Finally after 2 years of pain without my son the courts have finally put a contact order in place.

 

I'm extremely concerned that she won't follow any of the order and not take him the contact center and future over night stays etc

Has anyone got any experience of what happens if she breaks the order? It's not enforced and I already know she won't follow it so we'll be straight back to court. How long does it take to go back to court and get it sorted out. Will they just restart the order again, will she face any consequences?

There have already been 2 previous interim contact orders in place but she broke them both with the usual car broke down, family member was ill, it was her brother's birthday nonsense excuse but the courts did nothing about it hence why it's taken almost 2 years to put a contact order in place.
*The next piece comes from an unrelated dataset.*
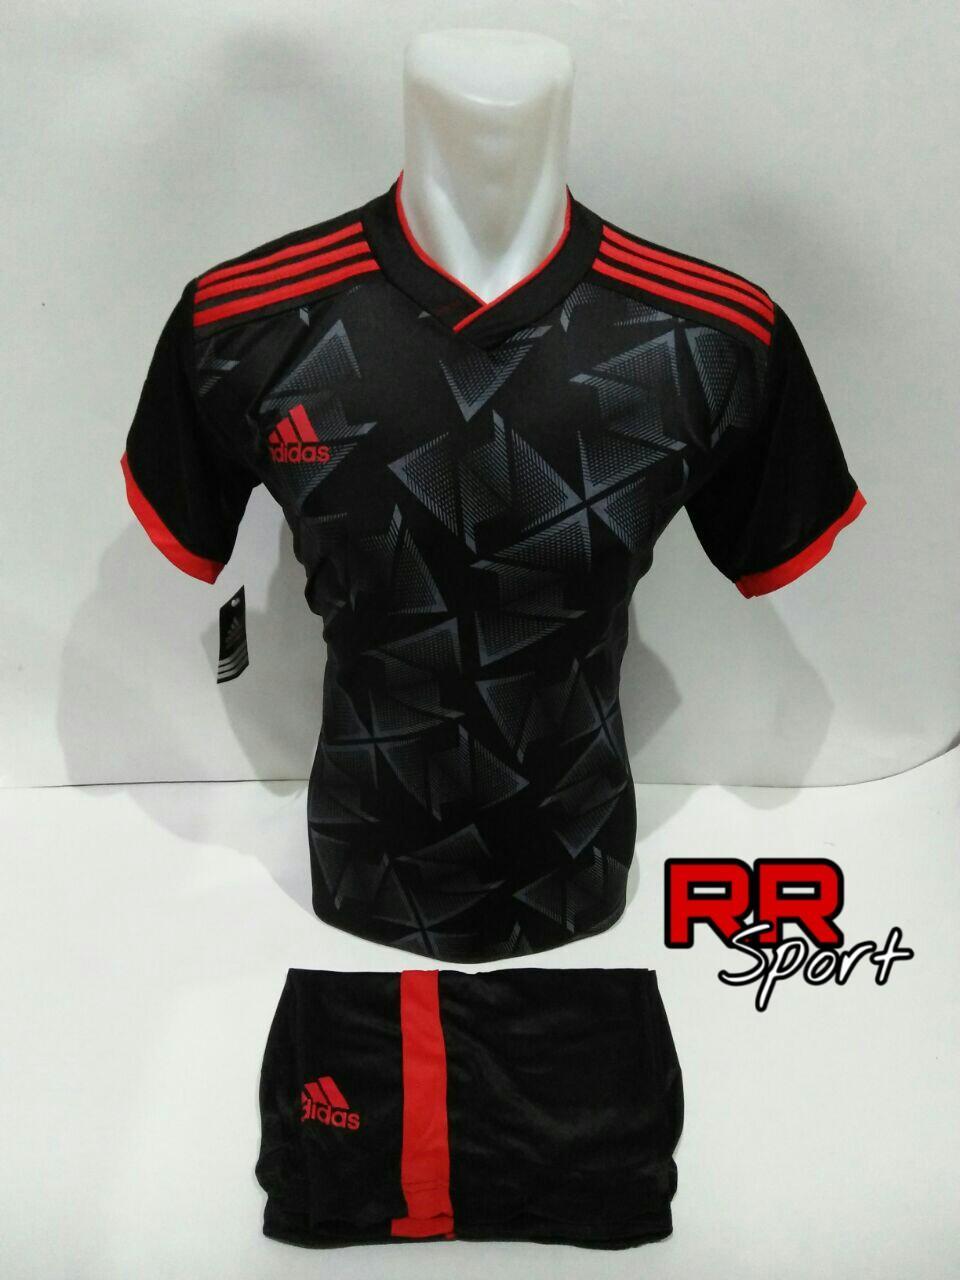 Jual Jersey Olahraga Pria Jeep Jpw61802 Jam Tangan Hitam Merah Baju Kaos Bola Setelan Futsal Volley Ad 08

I'm worried that she will just do it again and the courts will side with her excuses and I'll be back to square 0 with my son again.

 

Quote
Topic starter Posted : 19/10/2021 5:02 pm
MikeBurry
(@mikeburry)
Active Member Registered

Whilst i have no experience with the family court as of yet, i am very interested in seeing what effect the domestic abuse act has on child contact cases. Although the act came out in april and is criminal not family law, it appears it is not as well known as i would have thought. My solicitor didnt seem to know about it, and a police officer i spoke to didnt even know about it.

The guidance notes of the act list multiple examples of abuse, several of which are focused around using a child, for example frustrating or limiting contact is mentioned. On this basis could you not report her for coercive and controlling behaviour?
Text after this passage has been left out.